CAREER:Toward robust, scalable, and non-intermittent solar power: Silicon-based multijunction devices with integrated photocatalysis

职业：迈向稳健、可扩展和不间断的太阳能：具有集成光催化功能的硅基多结器件

• 批准号: 1150878
• 负责人: Tonio Buonassisi
• 金额: $ 40万
• 依托单位: Massachusetts Institute of Technology
• 依托单位国家: 美国
• 项目类别: Standard Grant
• 财政年份: 2012
• 资助国家: 美国
• 起止时间: 2012-02-01 至 2017-01-31
• 项目状态: 已结题
• 来源: https://www.nsf.gov/awardsearch/showAward?AWD_ID=1150878&HistoricalAwards=false
• 关键词: CAREER; Toward; robust; scalable; non

Research Objectives and Approaches:The research objective is to create a silicon-based multijunction solar cell device with integrated photoelectrochemical capability, resulting in a high-efficiency, robust, and easily manufacturable device capable of converting sunlight into storable chemical energy. A systematic approach toward device optimization will be implemented, combining simulation, device fabrication, and hierarchical nanoscale characterization.Intellectual Merit:This project seeks to leverage the inherent advantages of silicon for photovoltaic applications (reliability, scalability, performance, manufacturability, over 60 years of accumulated R&D) while overcoming its inherent disadvantages (high cost, low efficiency, intermittency). Collaborations between the PI?s PV-focused group and catalysis experts will ensure rapid interdisciplinary progress. Scientific challenges will be addressed in a systematic fashion: (1) High-performance sub-devices (individual solar cells) will be created; (2) Sub-devices will be integrated into a single high-performance silicon-based multijunction cell; (3) Aforementioned devices will be integrated with catalyst materials. The envisioned result is a silicon-based multijunction device capable of direct solar-to-fuels conversion.Broader Impacts:This project addresses five critical needs enabling utility-scale implementation of solar energy conversion: low cost, high efficiency, non-intermittency (dispatchability), scalability, and domestic manufacturability. Close interaction with local companies will ensure expedient technology transfer and student internship opportunities. Outreach efforts will improve solar energy education via augmenting a university course, engaging the general public at local museums and interactive websites, and educating future thought leaders. Underrepresented minorities will be engaged in solar energy research and engineering through an active mentorship program.

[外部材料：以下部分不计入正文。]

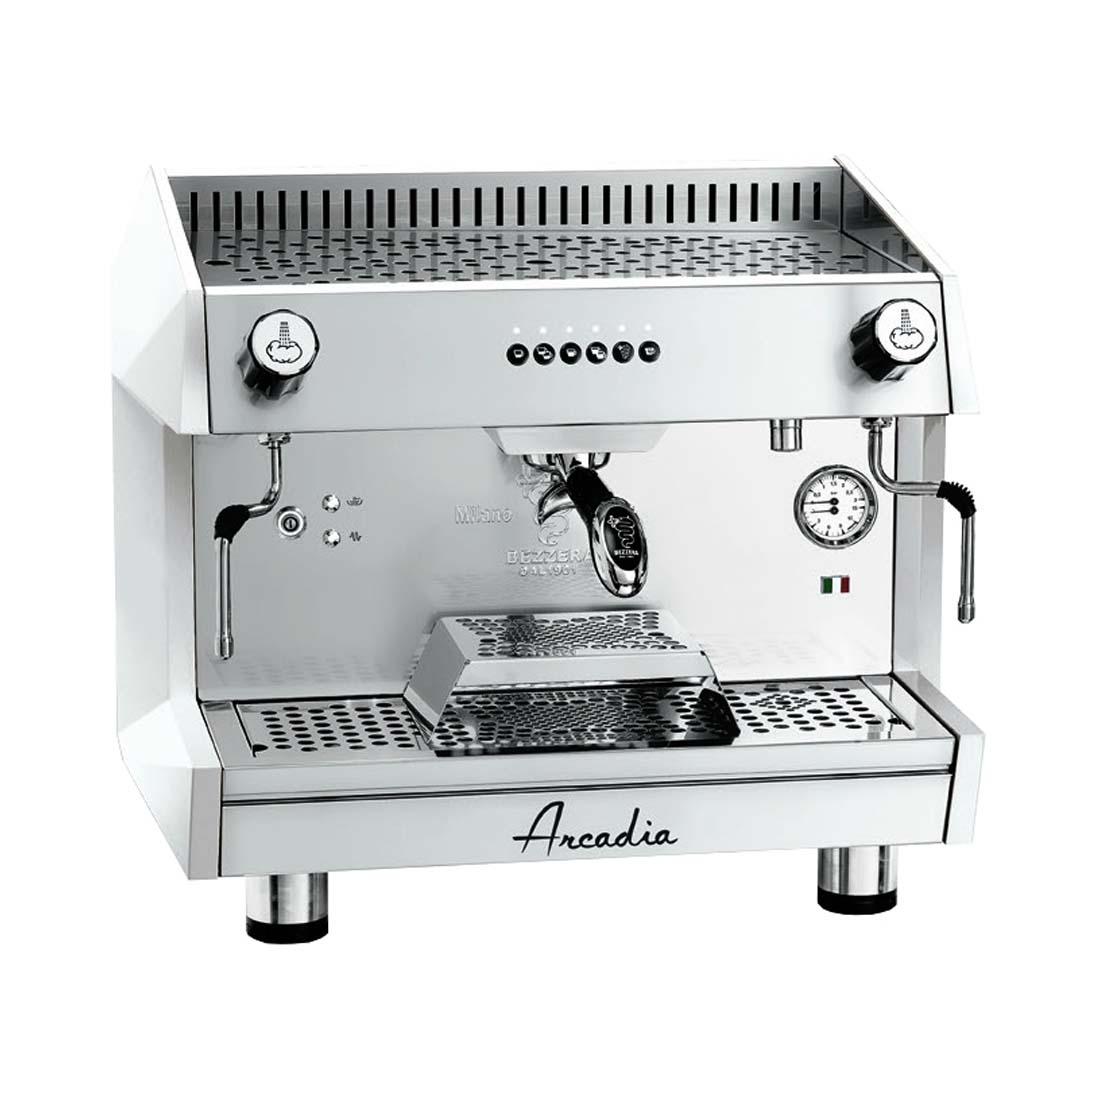 ARCADIA Professional Espresso coffee machine SS polish white 1 Group - ARCADIA-G1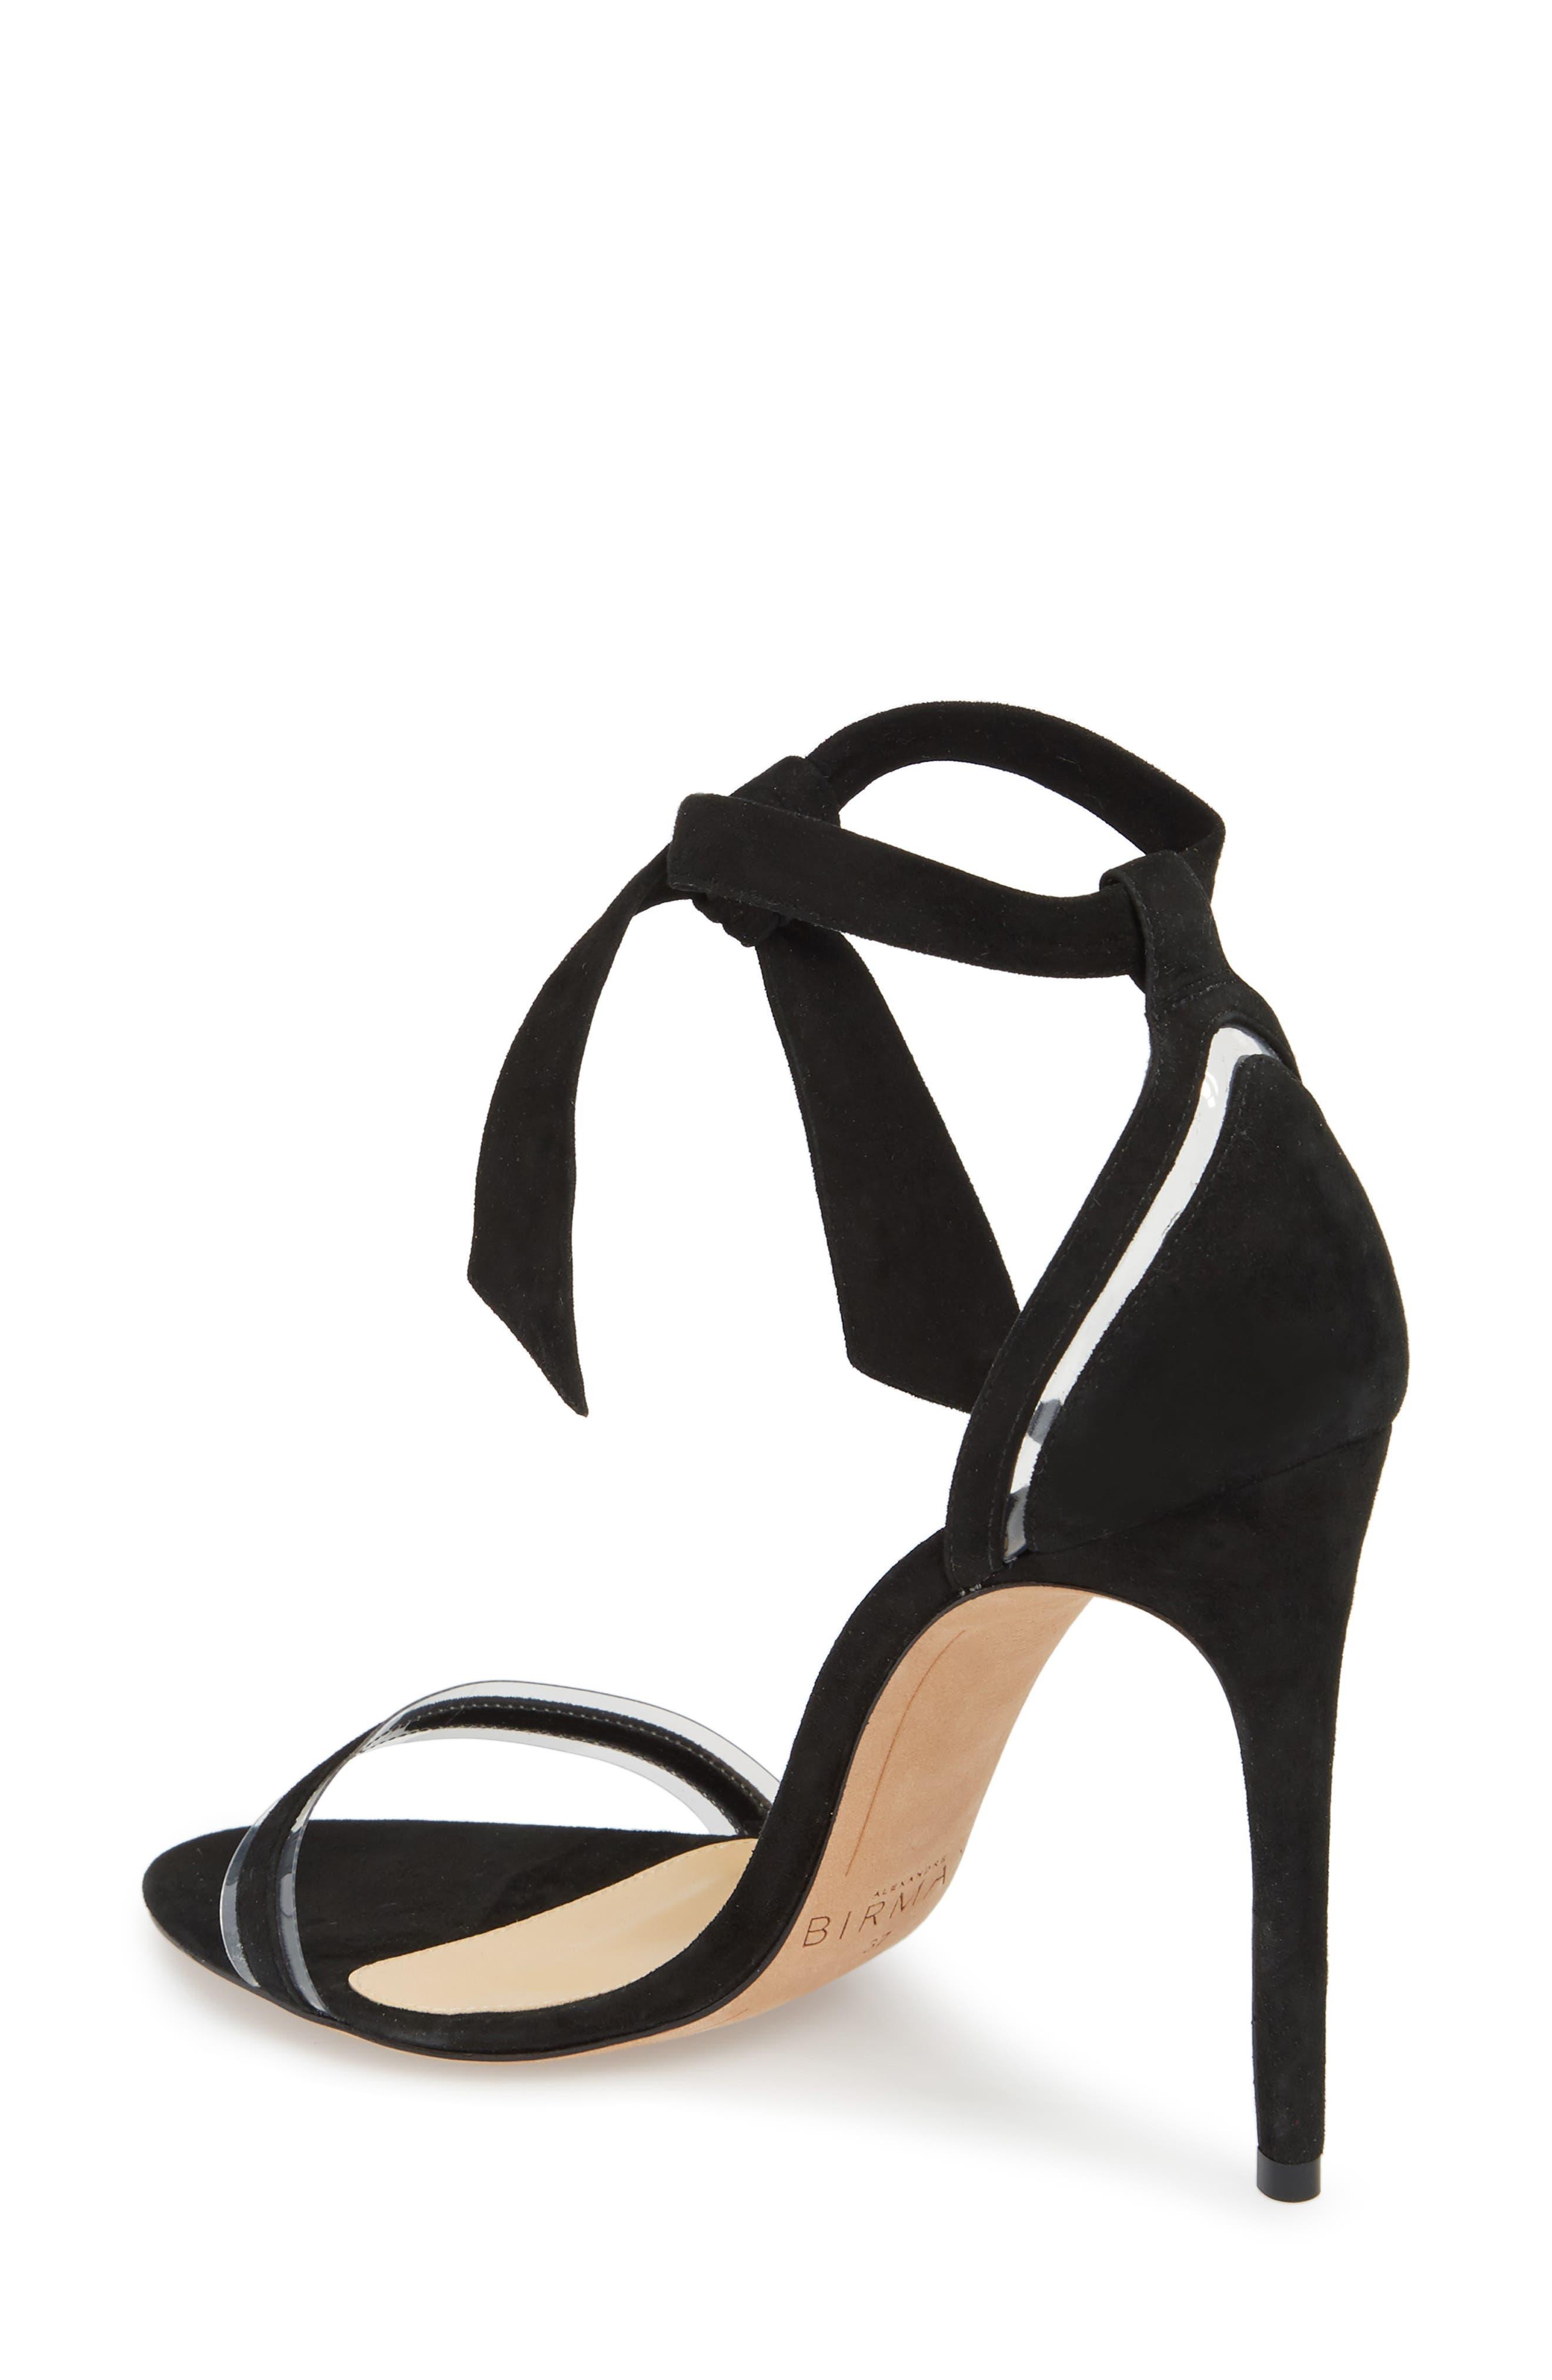 ALEXANDRE BIRMAN, Clarita Clear Ankle Tie Sandal, Alternate thumbnail 2, color, BLACK/ TRANSPARENT

研究目标和方法：研究目标是创建一个基于硅的多结太阳能电池设备与集成光电化学能力，从而在一个高效率，强大的，易于制造的设备能够将阳光转化为可储存的化学能。将实施一种系统的器件优化方法，将模拟、器件制造和分层纳米尺度表征结合起来。智力优势：该项目旨在利用硅在光伏应用中的固有优势（可靠性、可扩展性、性能、可制造性、超过60年的积累研发），同时克服其固有的缺点（高成本、低效率、间歇性）。PI之间的合作？的光伏为重点的小组和催化专家将确保跨学科的快速进展。科学挑战将以系统的方式得到解决：（1）将创建高性能子器件（单个太阳能电池）;（2）子器件将集成到单个高性能硅基多结电池中;（3）上述器件将与催化剂材料集成。设想的结果是一个硅基多结设备能够直接太阳能到燃料conversion.Broader影响：该项目解决了五个关键需求，使公用事业规模的太阳能转换的实施：低成本，高效率，非可调度性（dispatchability），可扩展性，和国内制造。与当地公司的密切互动将确保有利的技术转让和学生实习机会。外联工作将通过扩大大学课程、让公众参与当地博物馆和互动网站以及教育未来的思想领袖来改善太阳能教育。代表性不足的少数民族将通过积极的导师计划从事太阳能研究和工程。